The 1st 3 terms of an A.P., a, a+d, and a+2d, are the same as the 1st 3 terms of a G.P.( a is not equal to 0). Show that this is only possible if r=1 and d=0

Question

asked Apr 21, 2022 110k views

1 Answer

Hemanto · Answer 1 · 2022-04-27T18:58:54+0000

Answer:

See Below.

Explanation:

The first three terms of an A.P is equivalent to the first three terms of a G.P.

We want to show that this is only possible if r = 1 and d = 0.

If a is the initial term and d is the common difference, the A.P. will be:

$a, a+d, \text{ and } a+2d$

Likewise, for the G.P., if a is the initial term (and it does not equal 0) and r is the common ratio, then our sequence is:

$a, ar,\text{ and } ar^2$

The second and third terms must be equivalent.

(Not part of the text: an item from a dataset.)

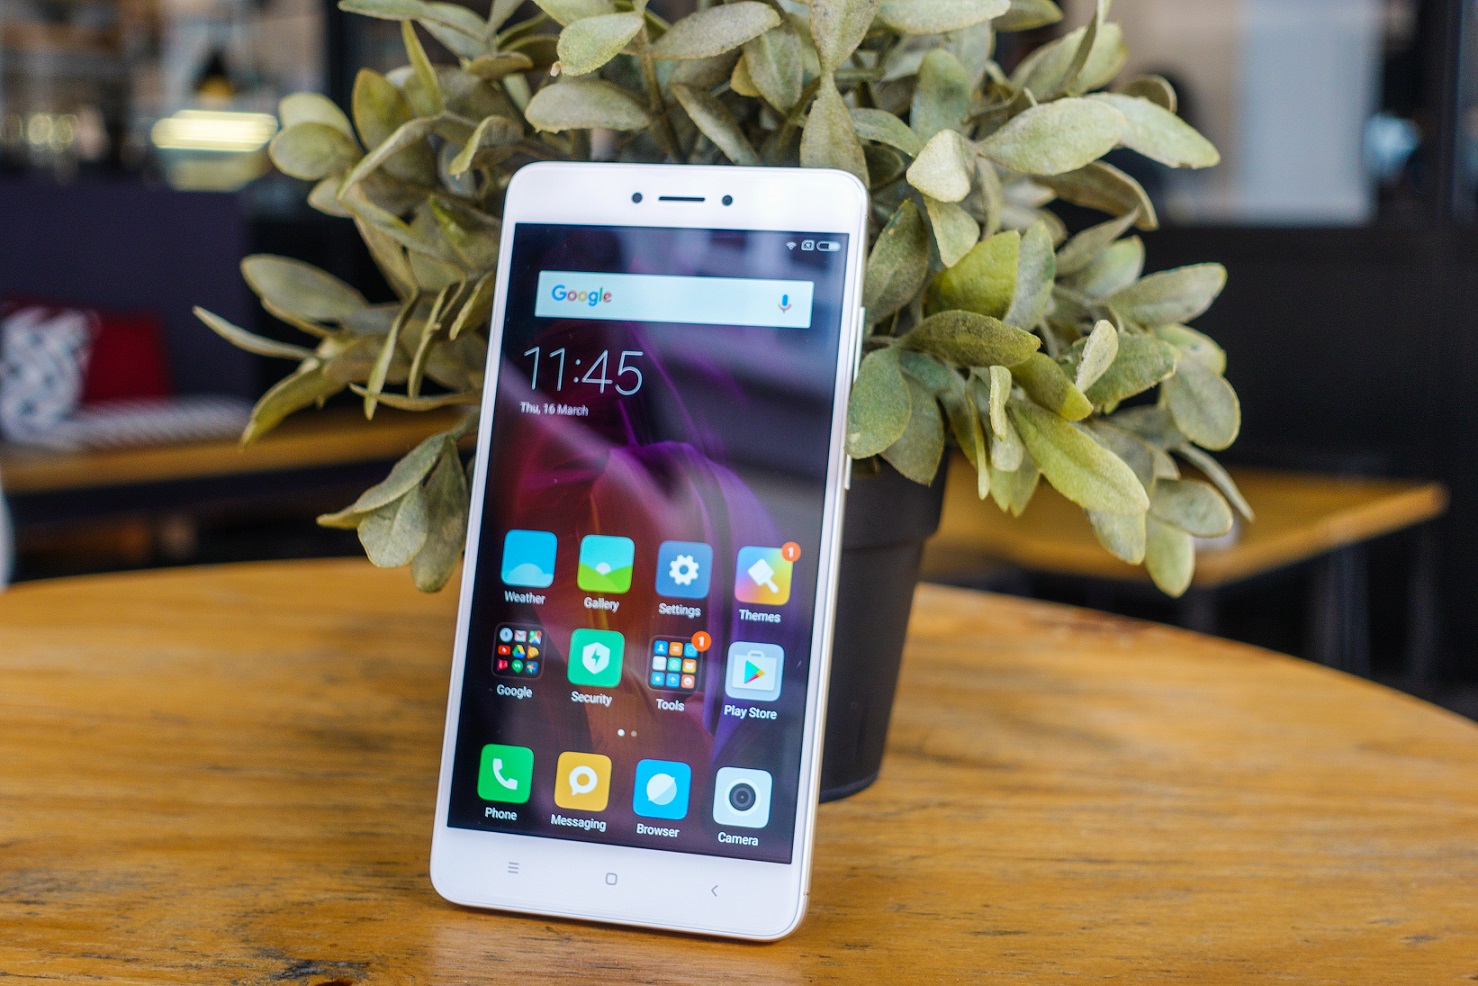 Xiaomi’s Redmi Note 4 packs power in your pocket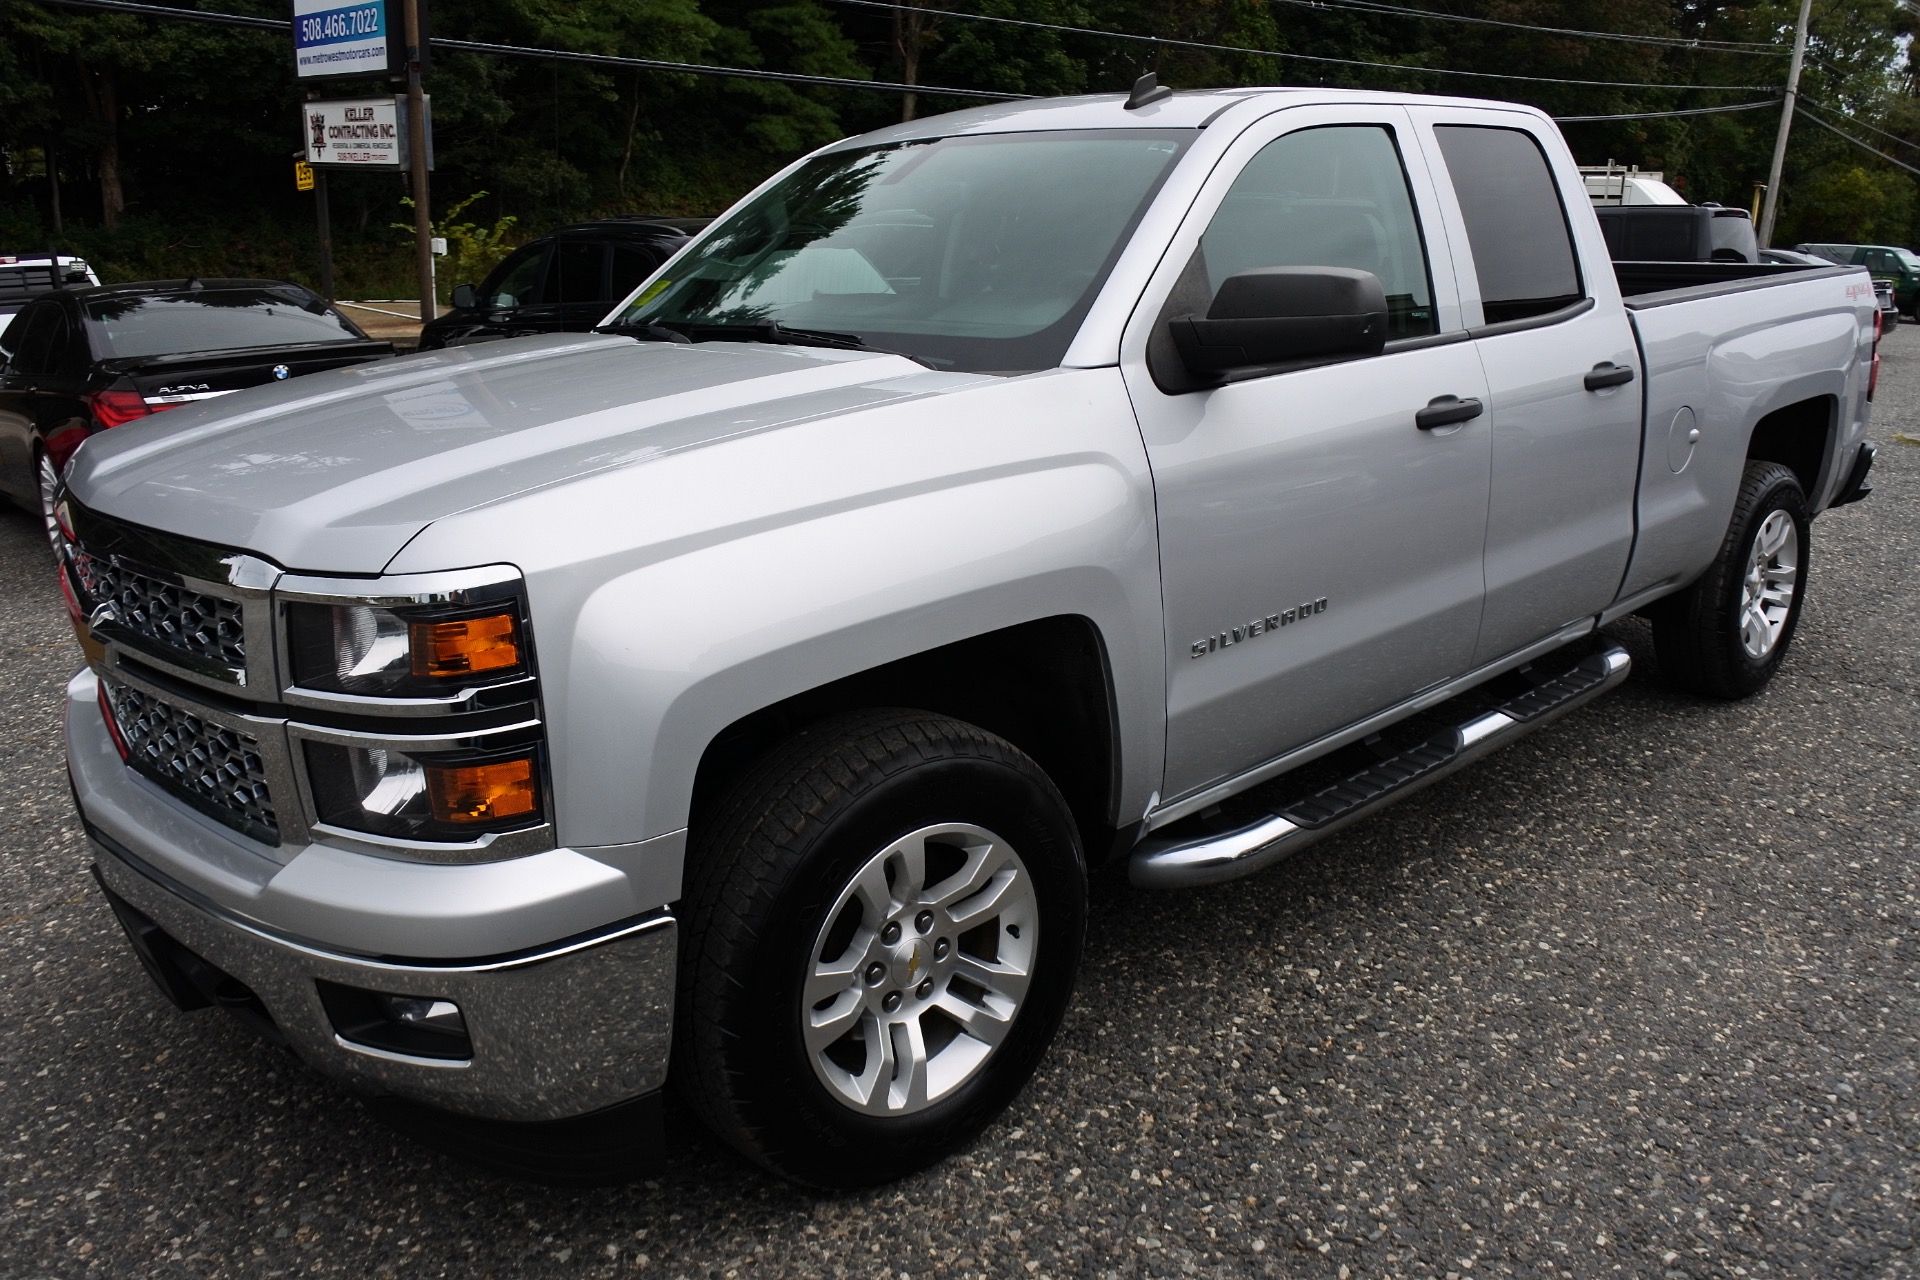 Used 14 Chevrolet Silverado 1500 4wd Double Cab 143 5 Lt W 1lt For Sale Special Pricing Metro West Motorcars Llc Stock 3840

Thus:

$a+d=ar\text{ and } a+2d=ar^2$

We can cancel the d. Multiply the first equation by -2:

-2a-2d=-2ar

We can now add this to the second equation:

(a+2d)+(-2a-2d)=(ar^2)+(-2ar)

Simplify:

-a=ar^2-2ar

Now, we can divide both sides by a (we can do this since a is not 0):

-1=r^2-2r

So:

r^2-2r+1=0

Factor:

(r-1)^2=0

Thus:

r=1

The first equation tells us that:

a+d=ar

Therefore:

$a+d=a(1)\Rightarrow a+d=a$

Hence:

d=0

Q.E.D.